_TASK BRIEF_
Starting with the line that contains "De Kuyper Melon, im", repeat each line exactly through the final line of the listing. No picture should appear in the copy.

_DATA SEGMENT_
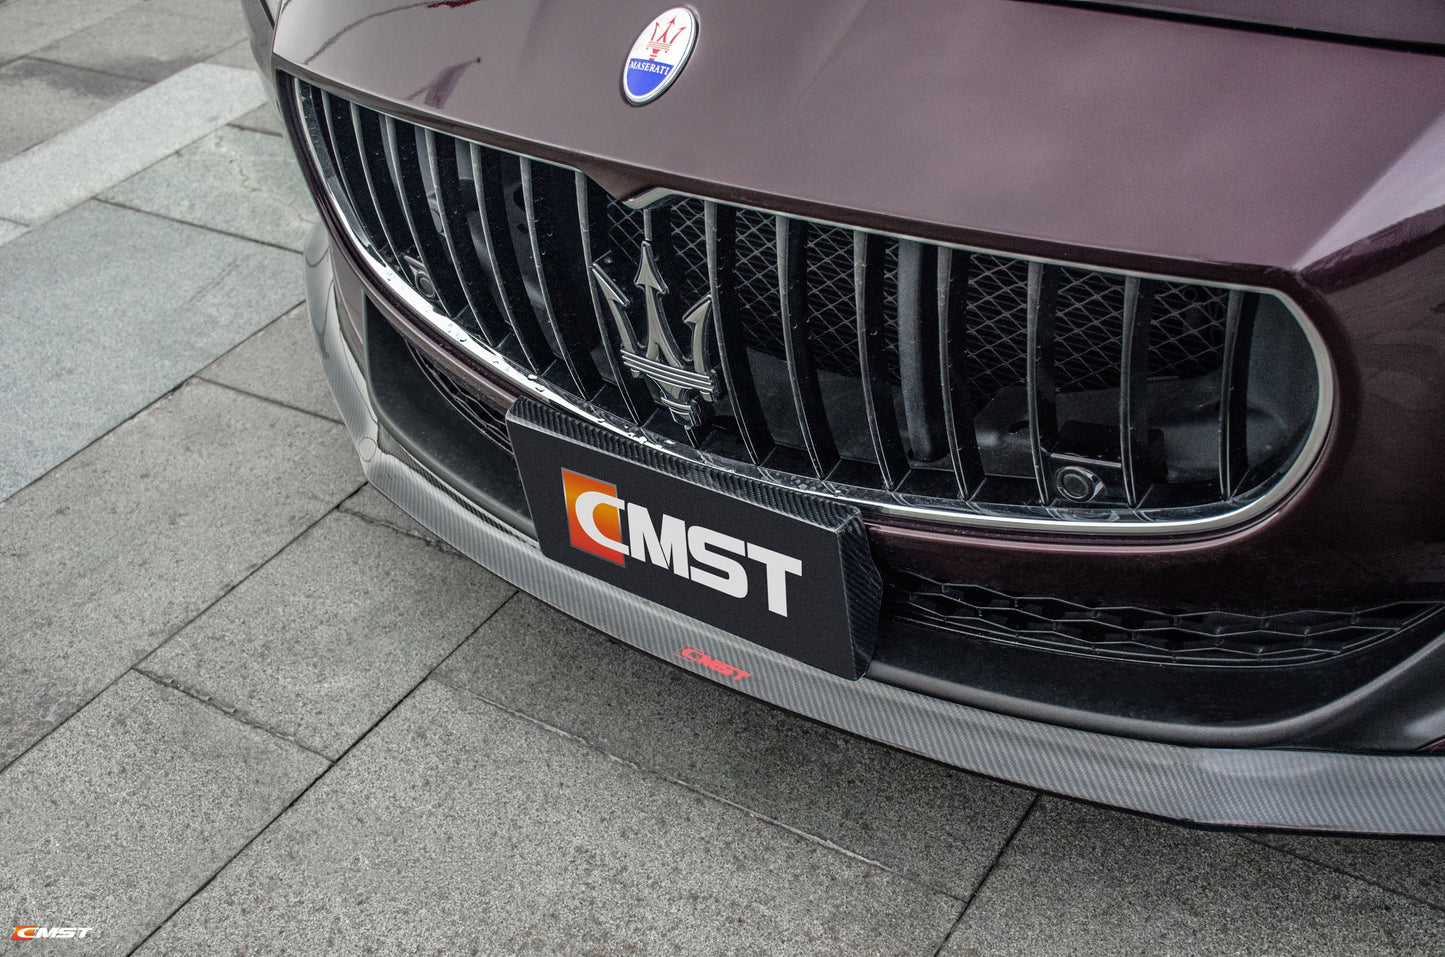 CMST Carbon Fiber Full Body Kit for Maserati Quattro Porte 2013-2016
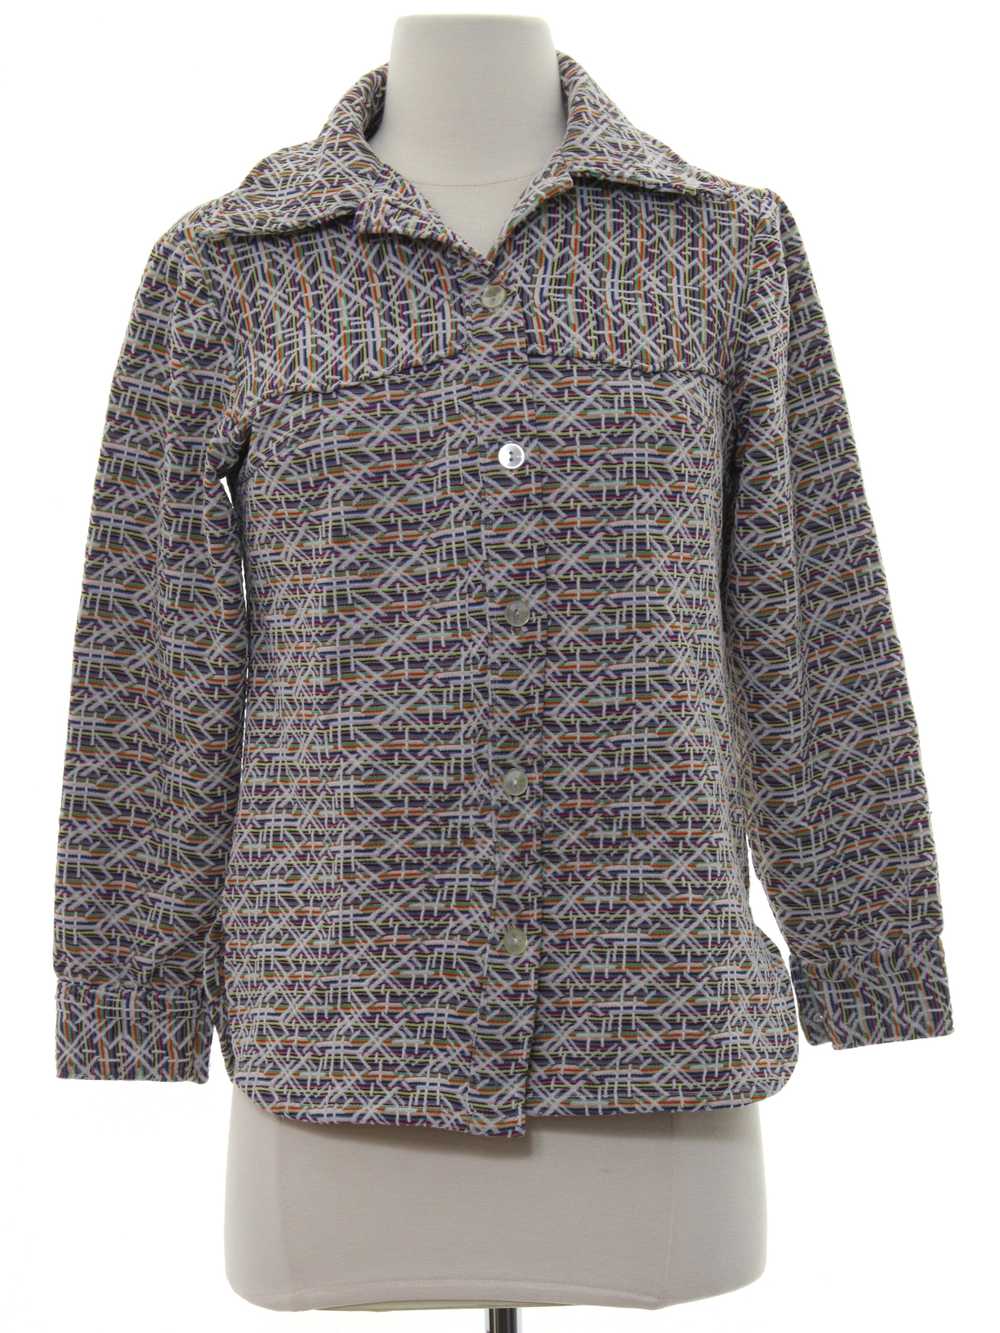 1970's Womens Knit Leisure Shirt-Jac Style Shirt - image 1
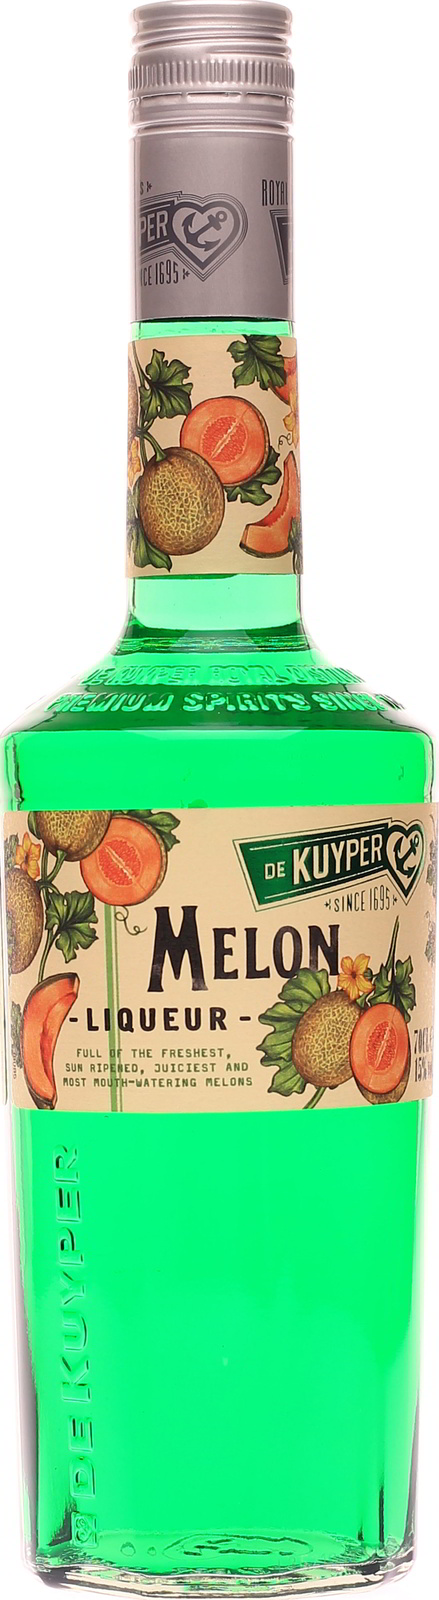 De Kuyper Melon, im günstig Shop Melonenlikör
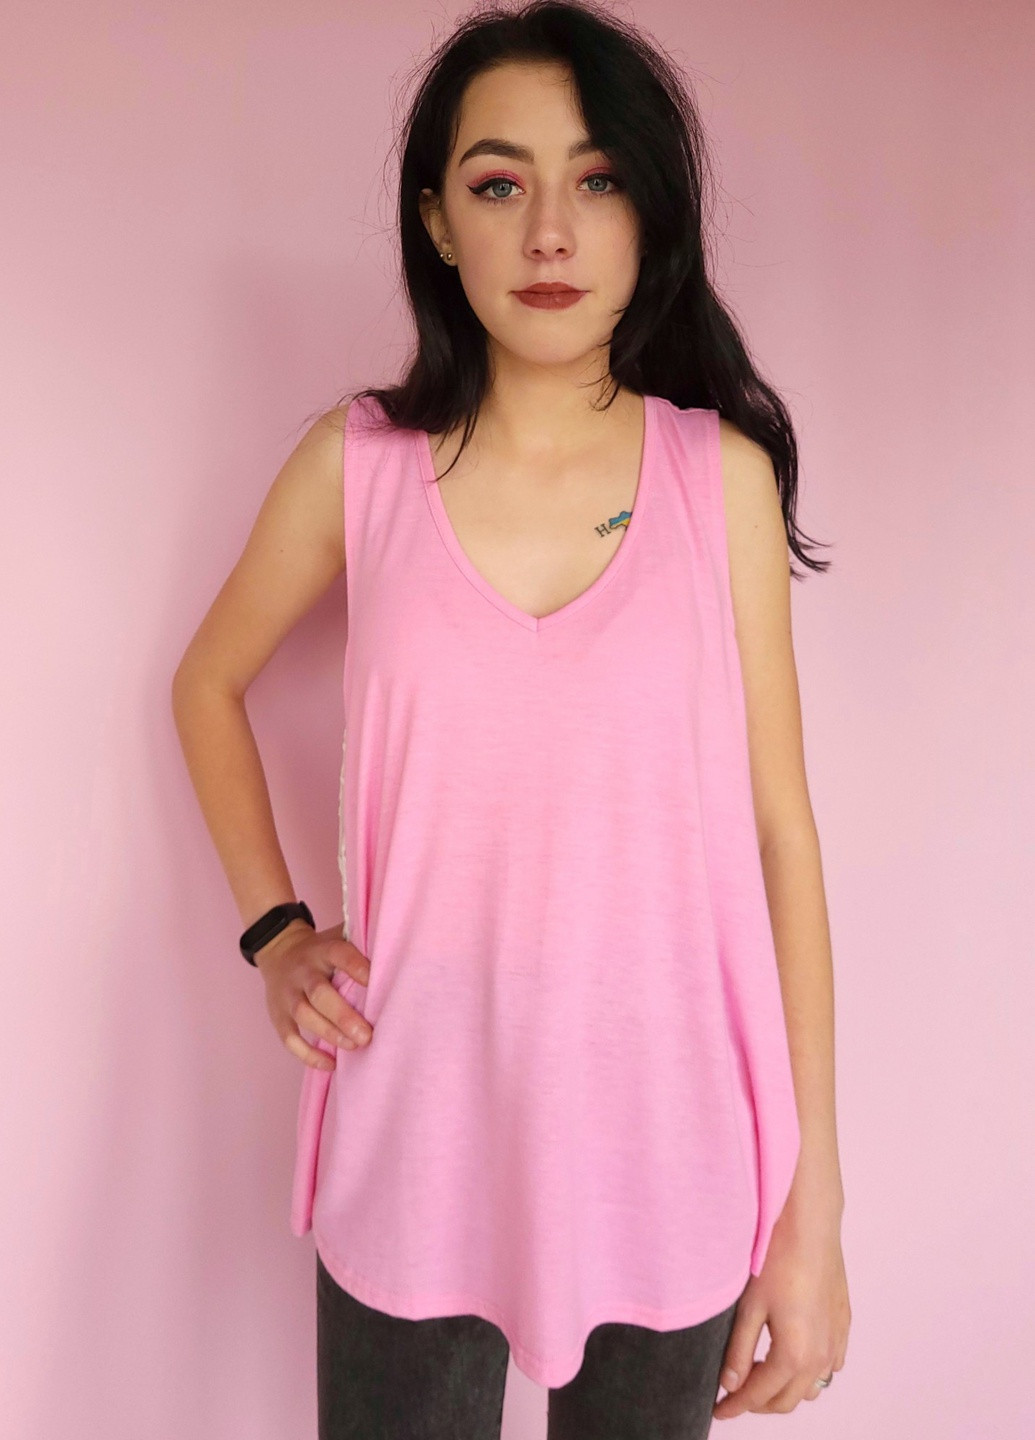 Майка женская удлиненная розовая со вставками гипюра 566 XL (48) G&N — 258349924

_REPLY_
 De Kuyper Melon, im günstig Shop Melonenlikör
 Майка женская удлиненная розовая со вставками гипюра 566 XL (48) G&N — 258349924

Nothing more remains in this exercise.